Where is the mistake in my derivation of the GAN loss function?

Question

I was pondering on the loss function of GAN, and the following thing turned out

\begin{aligned} L(D, G) & = \mathbb{E}_{x \sim p_{r}(x)} [\log D(x)] + \mathbb{E}_{x \sim p_g(x)} [\log(1 - D(x)] \\ & = \int_x \bigg( p_{r}(x) \log(D(x)) + p_g (x) \log(1 - D(x)) \bigg) dx \\ & =-\left[CE(p_r(x), D(x))+CE(p_g(x), 1-D(x)) \right] \\ \end{aligned} Where CE stands for cross-entropy. Then, by using law of large numbers: \begin{aligned} L(D, G) & = \mathbb{E}_{x \sim p_{r}(x)} [\log D(x)] + \mathbb{E}_{x \sim p_g(x)} [\log(1 - D(x)] \\ & =\lim_{m\to \infty}\frac{1}{m}\sum_{i=1}^{m}\left[1\cdot \log(D(x^{(i)}))+1\cdot \log(1-D(x^{(i)}))\right]\\ & =- \lim_{m \to \infty} \frac{1}{m}\sum_{i=1}^{m} \left[CE(1, D(x))+CE(0, D(x))\right] \end{aligned}

As you can see, I got a very strange result. This should be wrong intuitively because in the last equation first part is for real samples, and the second is for generated samples. However, I am curious about where are the mistakes?
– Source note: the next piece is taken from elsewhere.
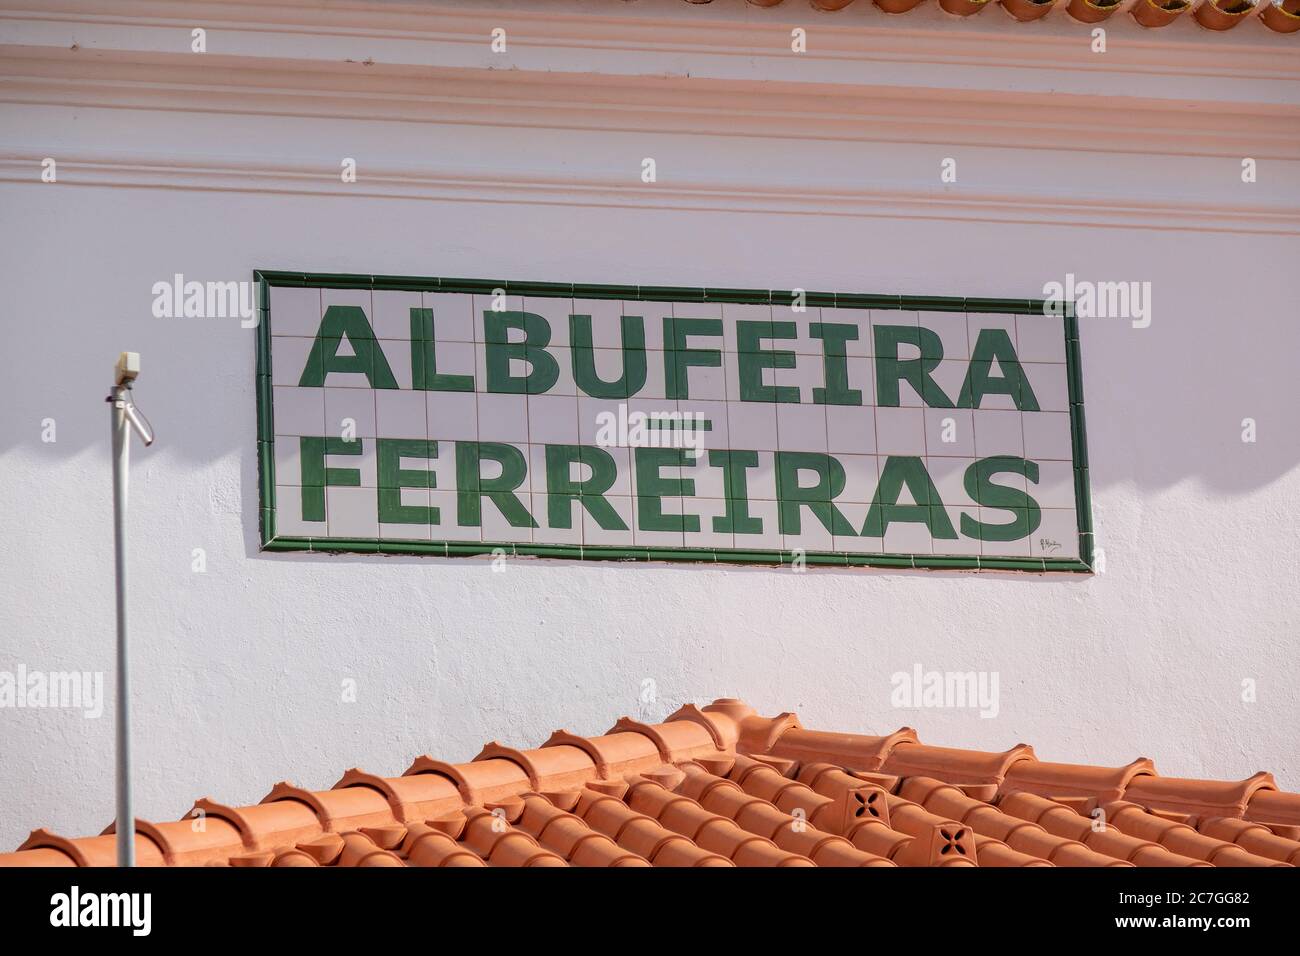 Das Albufeira Ferreiras Bahnhof Keramikfliesen Schild Auf Dem Bahnhofsgebäude Außenansicht Stockfoto

(Please explain with math).

Answer 1

I guess the issue is you lost track of where the samples came from and since you requested a math explanation I'll try to go step by step using my notation and without checking other material to avoid being biased by how other authors present it

So we start from

$$ L(D,G) = E_{x \sim p_{r}(x)} \log(D(x)) + E_{x \sim p_{g}(x)}\log(1 - D(x)) $$

then you apply the definition of $E_{\cdot}(\cdot)$ operator in the continuous case

$$ L(D,G) = \int_{x} \log(D(x)) p_{r}(x)dx + \int_{x}\log(1 - D(x))p_{g}(x)dx $$

then you Monte Carlo sample it to approximate it

$$ L(D,G) = \frac{1}{n} \sum_{i=1}^{n} \log(D(x_{i}^{(r)})) + \frac{1}{m} \sum_{j=1}^{m}\log(1 - D(x_{j}^{(g)})) $$

As you can see here I have kept the samples from the 2 distributions separated and used a notation that allows to track their origin so now you can use the right label in the Cross Entropy

$$ L(D,G) = \frac{1}{n} \sum_{i=1}^{n} L_{ce}(1, D(x_{i}^{(r)})) + \frac{1}{m} \sum_{j=1}^{m} L_{ce}(0, D(x_{j}^{(g)})) $$

But you could also have decided to merge the 2 integrals before to have

$$ L(D,G) = \int_{x} \left( \log(D(x)) p_{r}(x) + \log(1 - D(x))p_{g}(x) \right) dx $$

which is mathematically legit operation, however the issue is when you try to discretize this with Monte Carlo sampling.

You can't just replace the integral with one sum since you are Monte Carlo sampling and here, contrary to what we have done above, you do not have 1 distribution per integral to sample but in the same integral you have 2 distributions and for each sample you have to say what distribution it comes from which is where the issue is in your notation since you lost track of this information and it seems all the samples come from one distribution

Answer 2

$\textbf{Remark.}$ I'd leave this as a comment if I could.

Regarding notation (which I believe may be the cause of your issue here), the loss function is better written as \begin{align*} \operatorname{Loss} &= \frac{1}{m}\sum_{i=1}^m \left(\log D\big(x^{(i)}\big) + \log\Big(1-D\big(G\big(z^{(i)}\big)\big)\right)\\ &\approx \mathbb{E}_x[\log D(x)] + \mathbb{E}_z[\log(1-D(G(z)))], \end{align*} where the noise vectors, $z$, come from a suitable distribution, and $G(z)$ denotes the output of the generator; the $\approx$ symbol here implicitly assumes that the appropriate form of the Law of Large Numbers (LLN) applies.

Most importantly, the dependence on G is not trivial (for instance, what if $G$ never learns and always produces the same output?).

Also, the expectations should depend on their respective distributions, even when using LLN. For example, think of how you calculate the expectation of a discrete random variable.